Don’t make the poor work for health care

The Trump administration just won’t learn its lesson. Fresh off some of the most detested policymaking in American history, the White House is about to turn to another unpopular conservative obsession: Work requirements.

Republicans have long argued that too many able-bodied adults are getting a free ride from the government. During the Obama years, they took specific issue with the Affordable Care Act’s expansion of Medicaid, the government program that provides health coverage to the poor, which they said benefited lots of adults who should have been working in exchange for help. Indeed, since Medicaid is jointly administered by the federal and state governments, states can apply for waivers to impose work requirements on the program. Nine states did, but the Obama administration always turned them down.

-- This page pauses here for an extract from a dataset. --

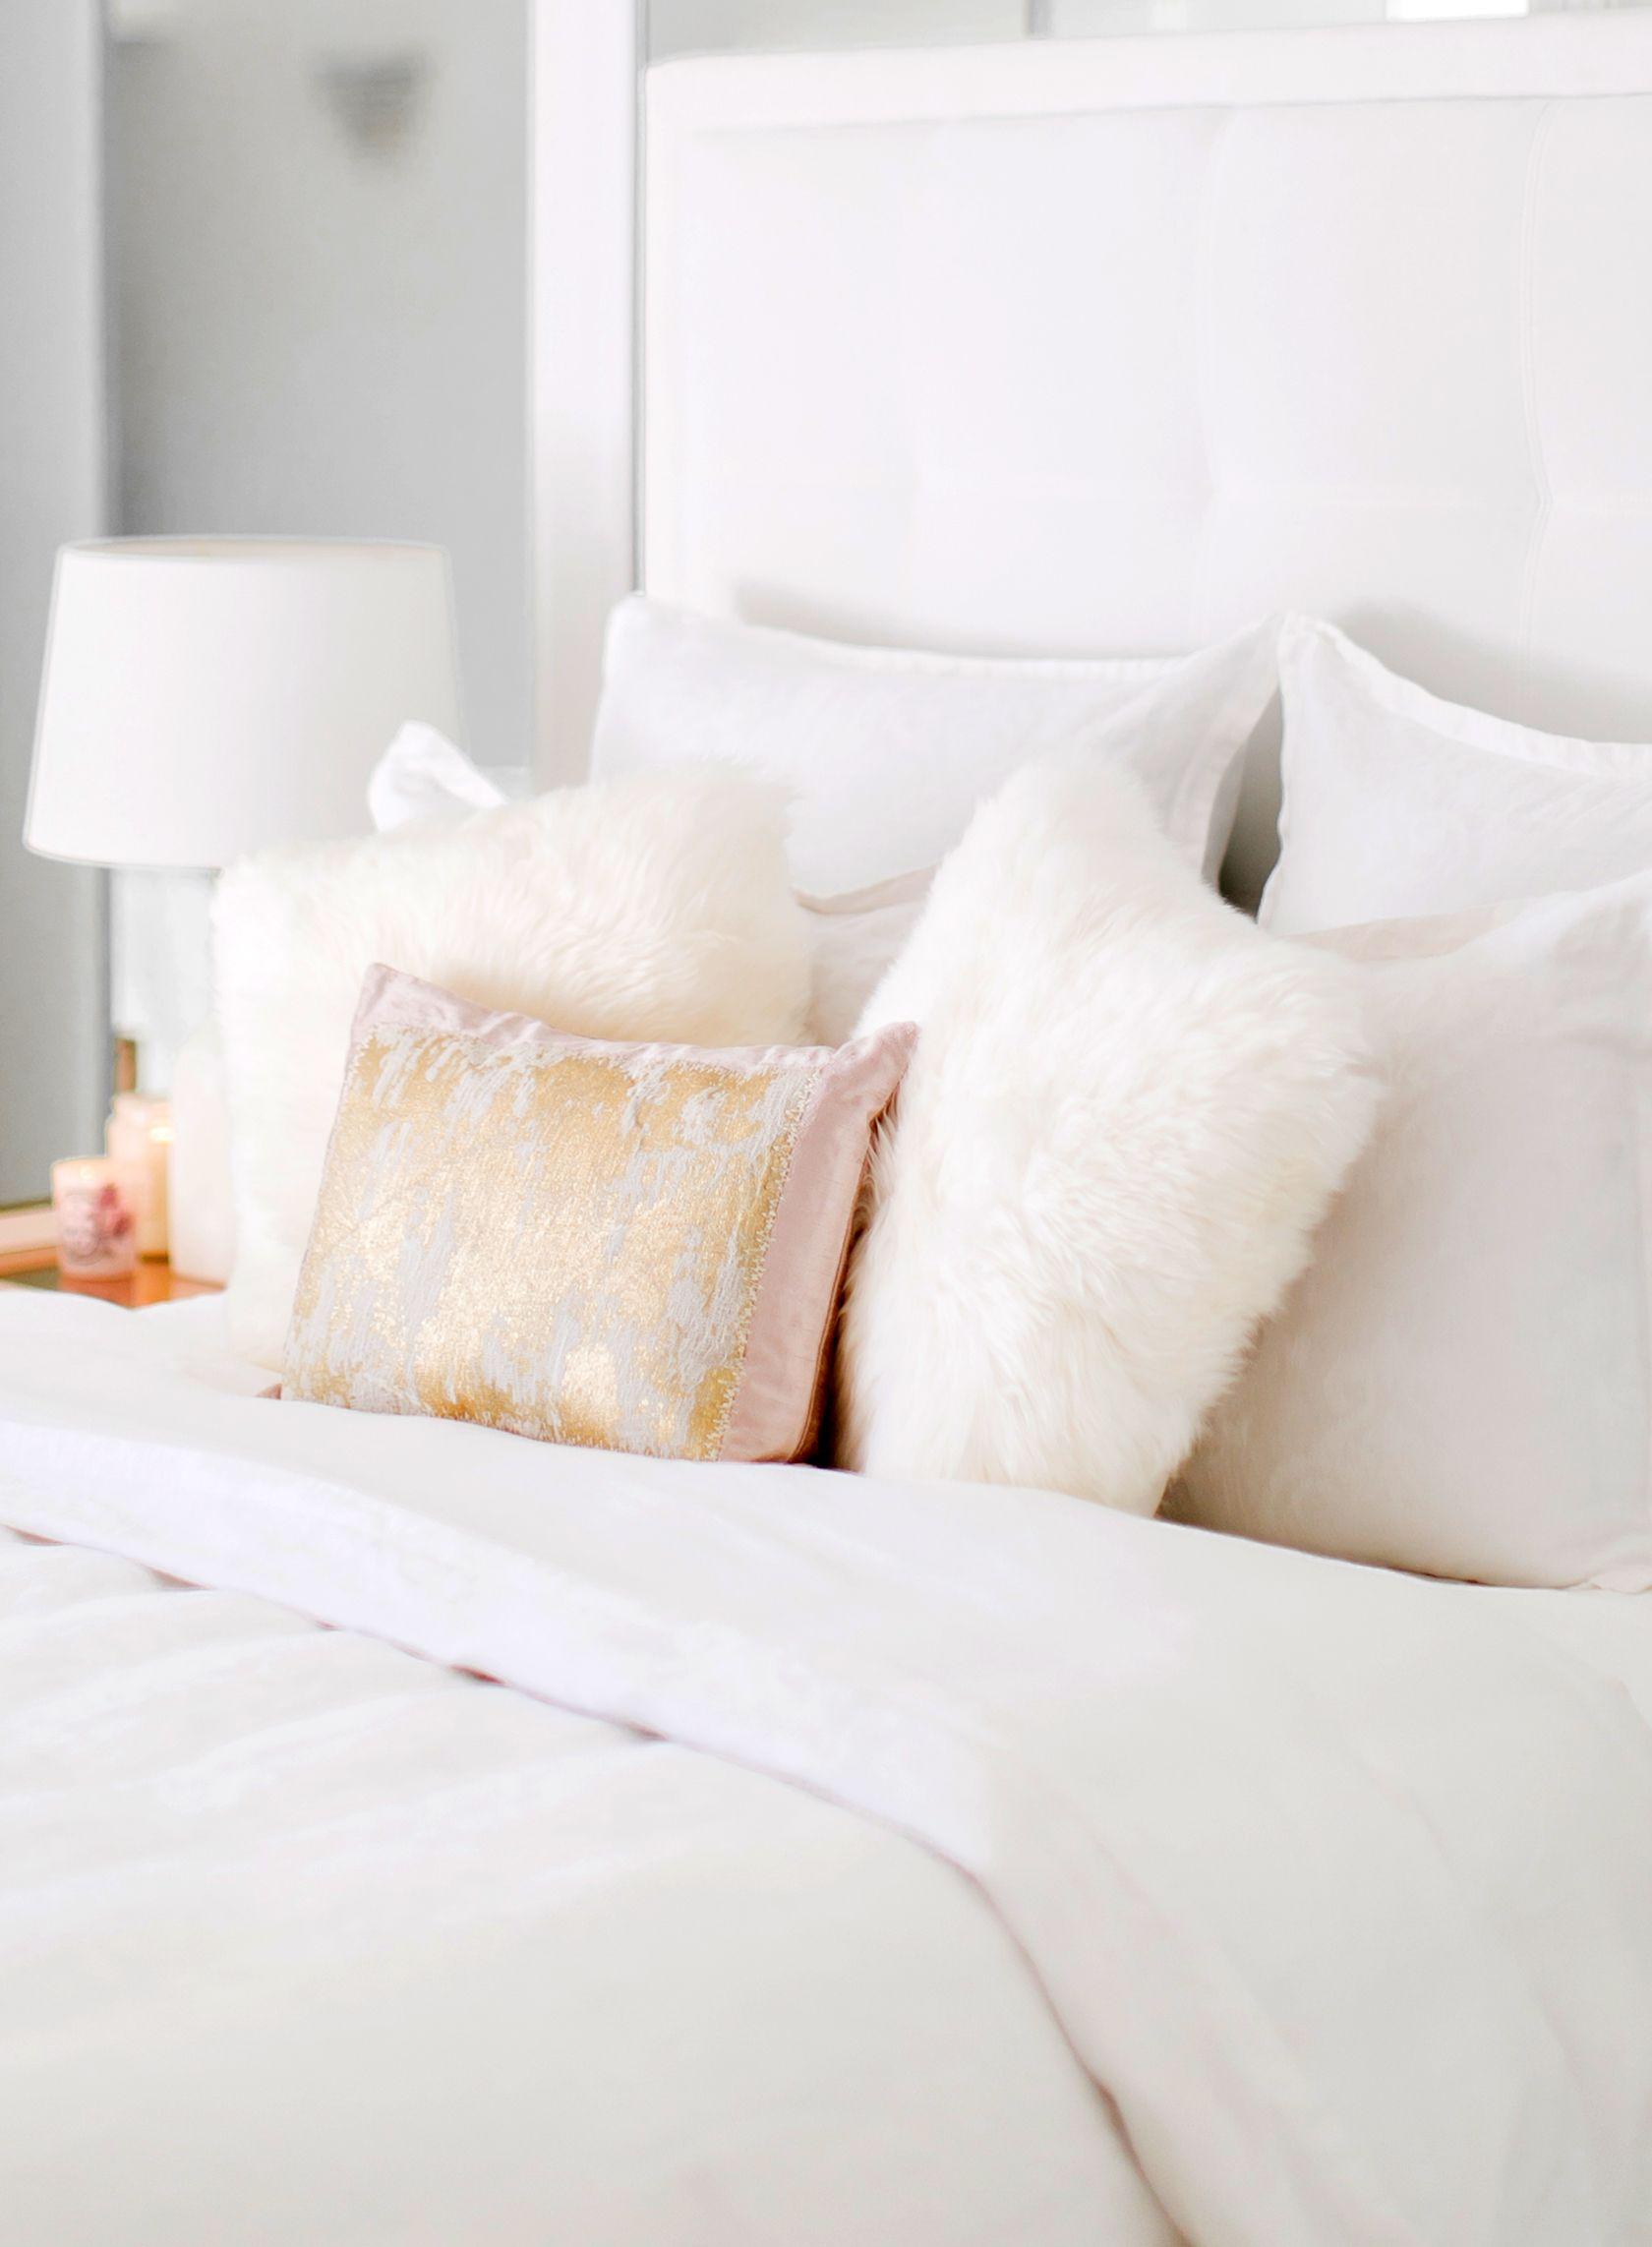 sydne style shares bedroom decorating

But the Trump White House is changing course. It is reportedly finalizing guidelines for what circumstances under which they’ll approve the waivers — and will quite likely announce a batch of approvals soon as well.

Let’s not mince words: This is a stupid and terrible policy decision. How stupid and terrible? Let’s count the ways:

1. A sizable majority of able-bodied adults on Medicaid already work. Despite ObamaCare’s expansion, almost two-thirds of Medicaid’s 68 million beneficiaries are still either children, the elderly, or people on disability. Among the remaining adults, 60 percent are already working. The remainder — about 9.8 million people — have good reasons not to be in the workforce. Fifteen percent of them are going to school, and 30 percent are taking care of other family members. Another 36 percent report being too sick or disabled to work, though they haven’t qualified for disability benefits (which, it’s worth remembering, have a pretty strict threshold). Americans on Medicaid are also far more likely to be in low-wage jobs that involve lots of manual labor, as opposed to desk jobs where something like a back problem might not be prohibitive.

In short, only 7.5 percent of Medicaid’s non-elderly, non-disabled adult beneficiaries aren’t working, and can’t cite school, family, or physical ailment as a reason.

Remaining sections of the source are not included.